BRIEF:
Emit a verbatim copy of the lines below from the line with "Pixel 3 selfie cam" through the line with "Jacht z turystami", excluding pictures and everything outside that range.

DATA PROVIDED:
------------------------------------------------------------

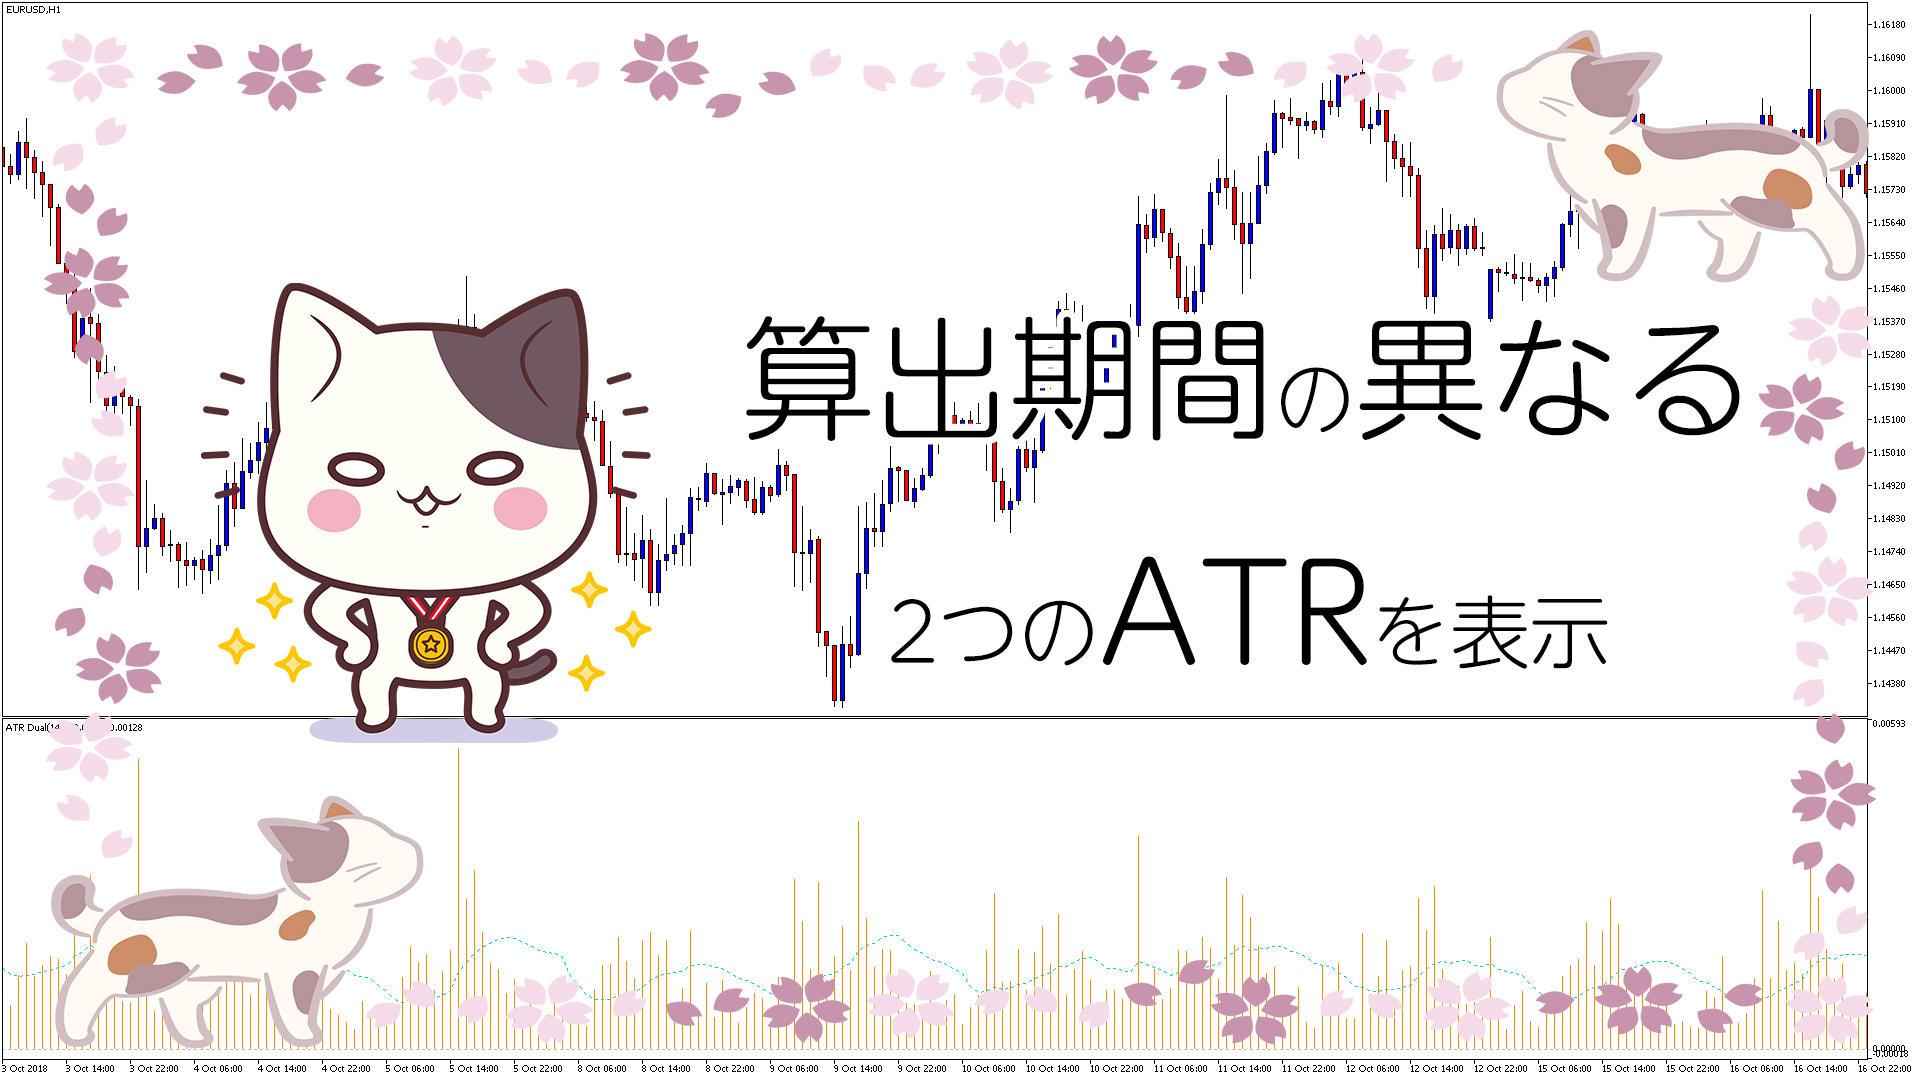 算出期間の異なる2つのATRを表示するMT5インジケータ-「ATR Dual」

------------------------------------------------------------

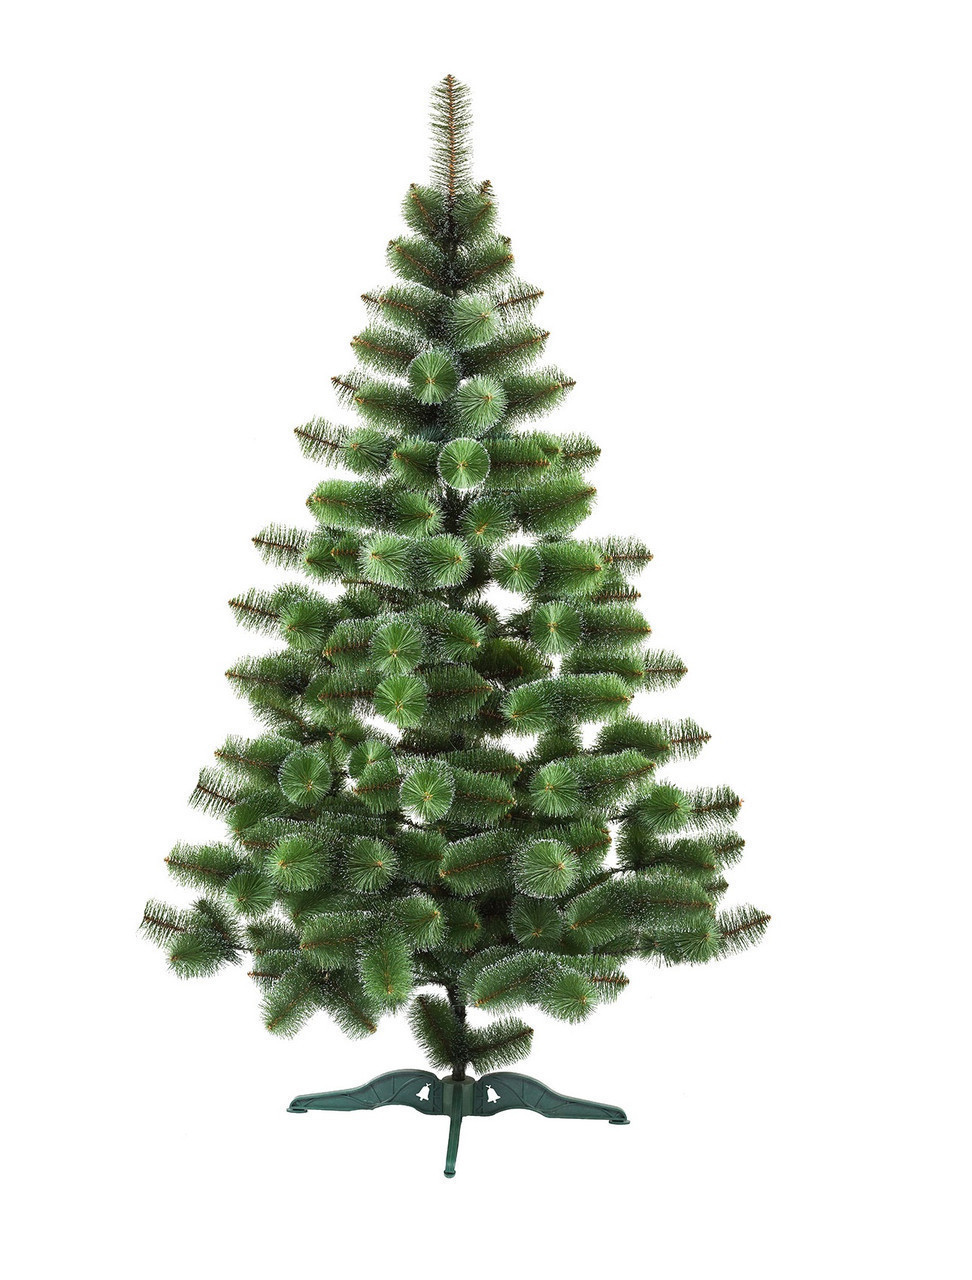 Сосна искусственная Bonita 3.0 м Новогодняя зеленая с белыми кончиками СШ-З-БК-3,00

------------------------------------------------------------

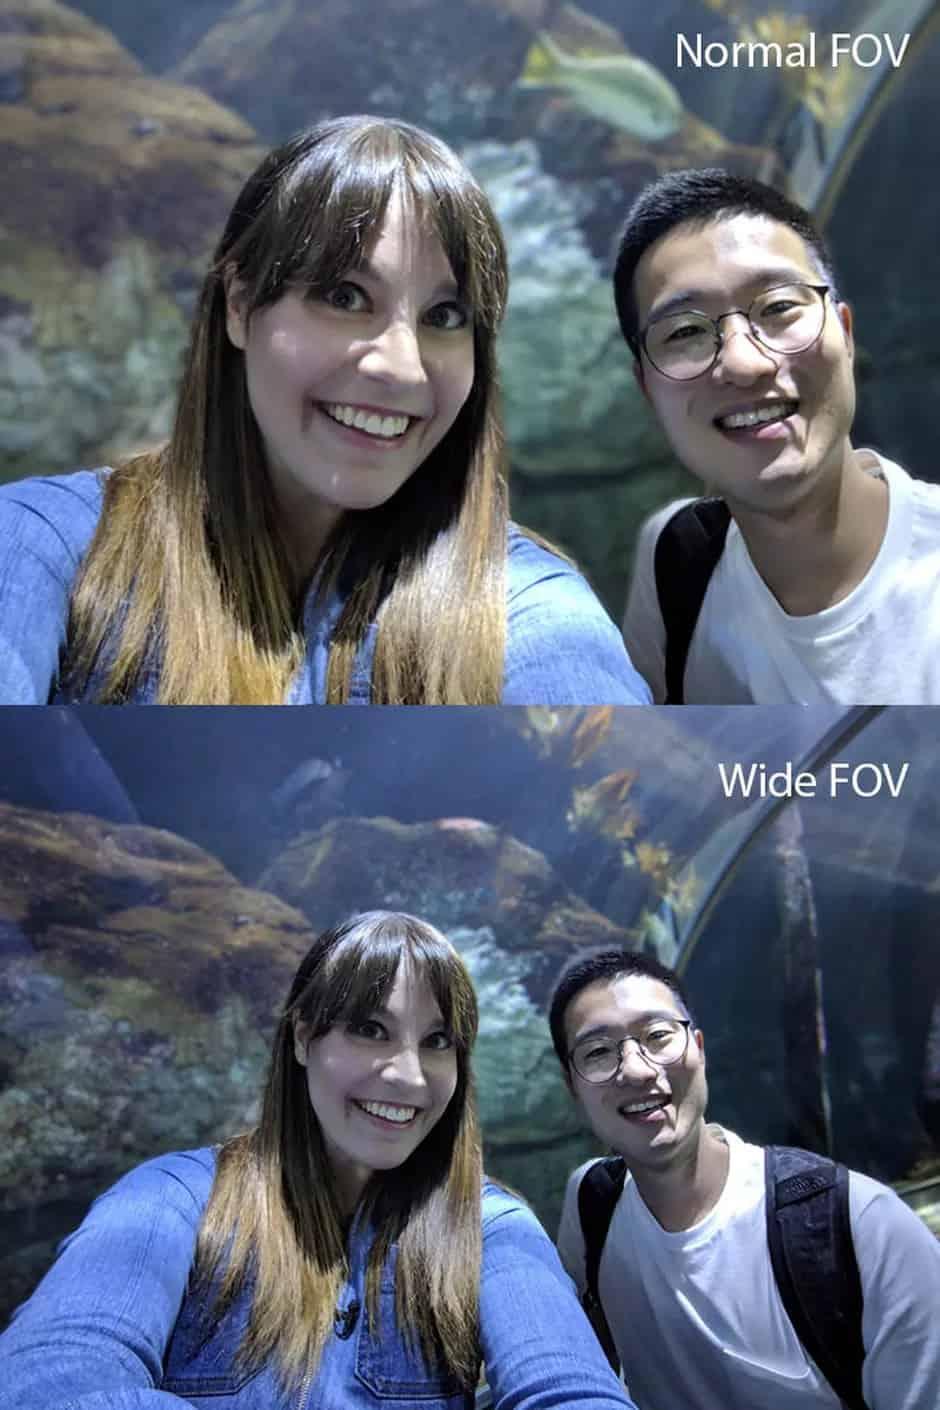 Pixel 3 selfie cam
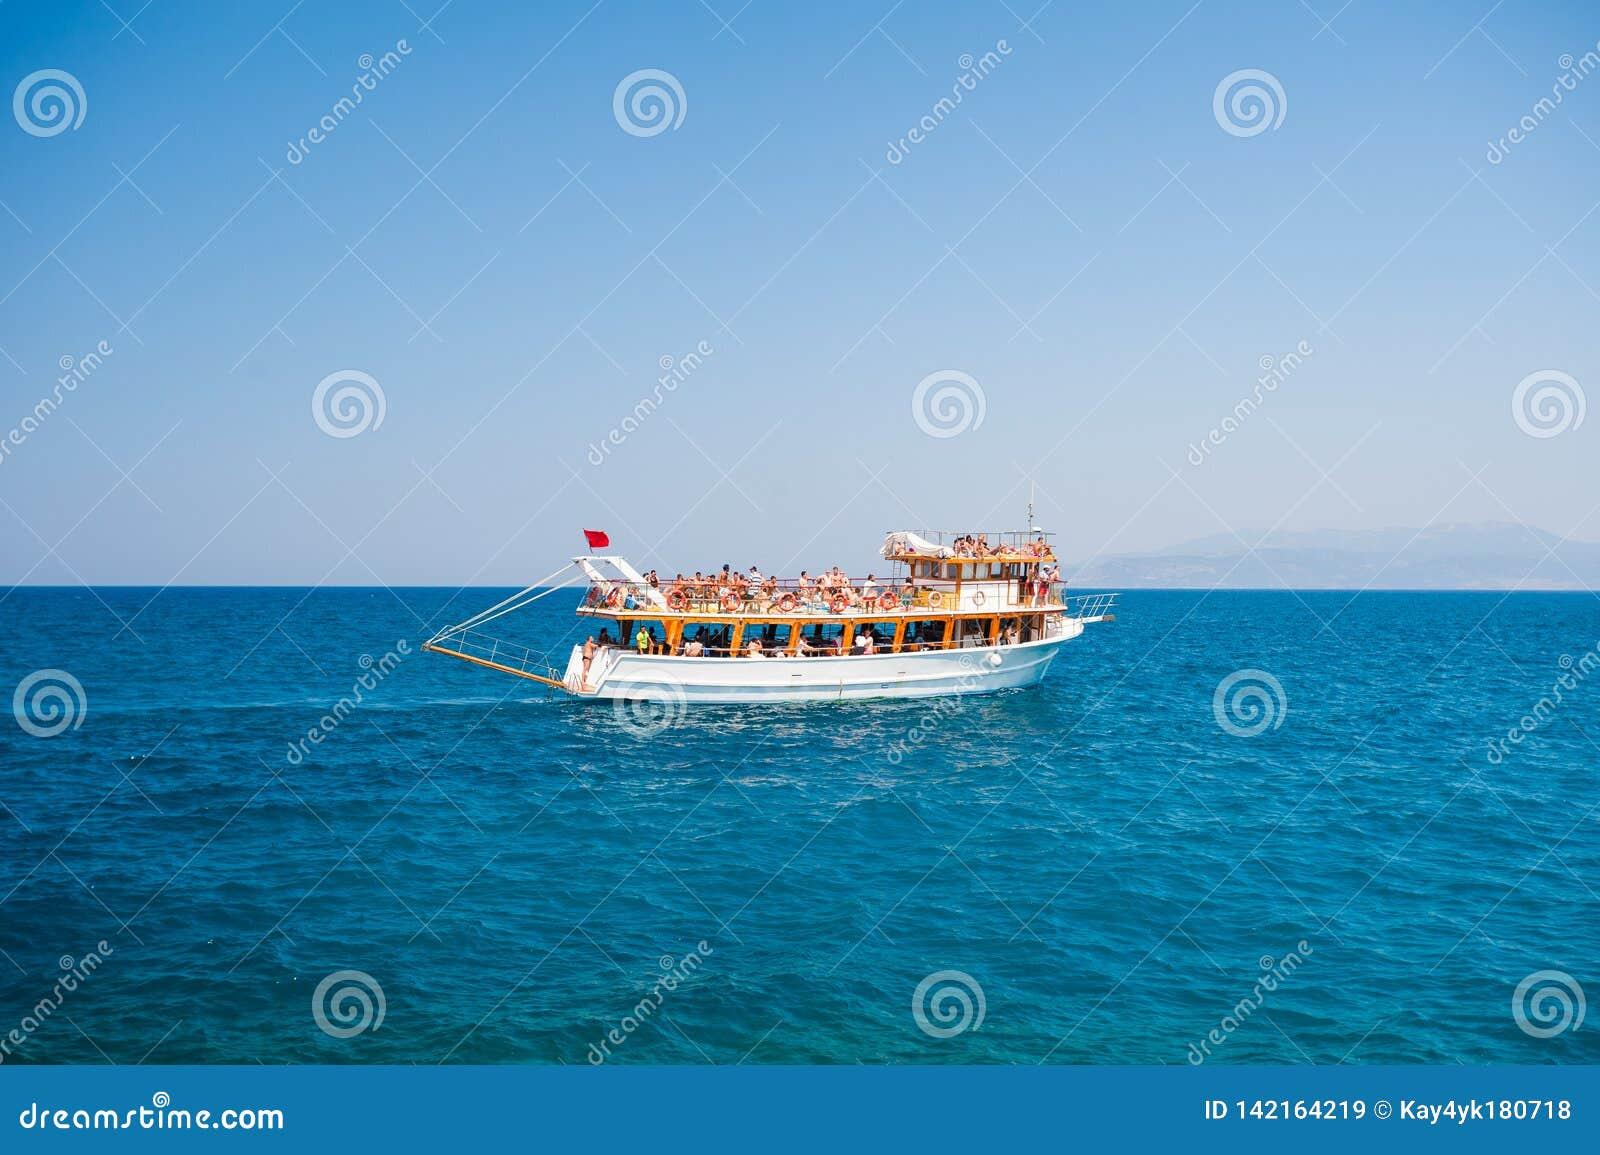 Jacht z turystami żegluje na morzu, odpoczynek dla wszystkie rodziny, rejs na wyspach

------------------------------------------------------------

SOLUTION FOR THIS EXERCISE:
 Pixel 3 selfie cam
 Jacht z turystami żegluje na morzu, odpoczynek dla wszystkie rodziny, rejs na wyspach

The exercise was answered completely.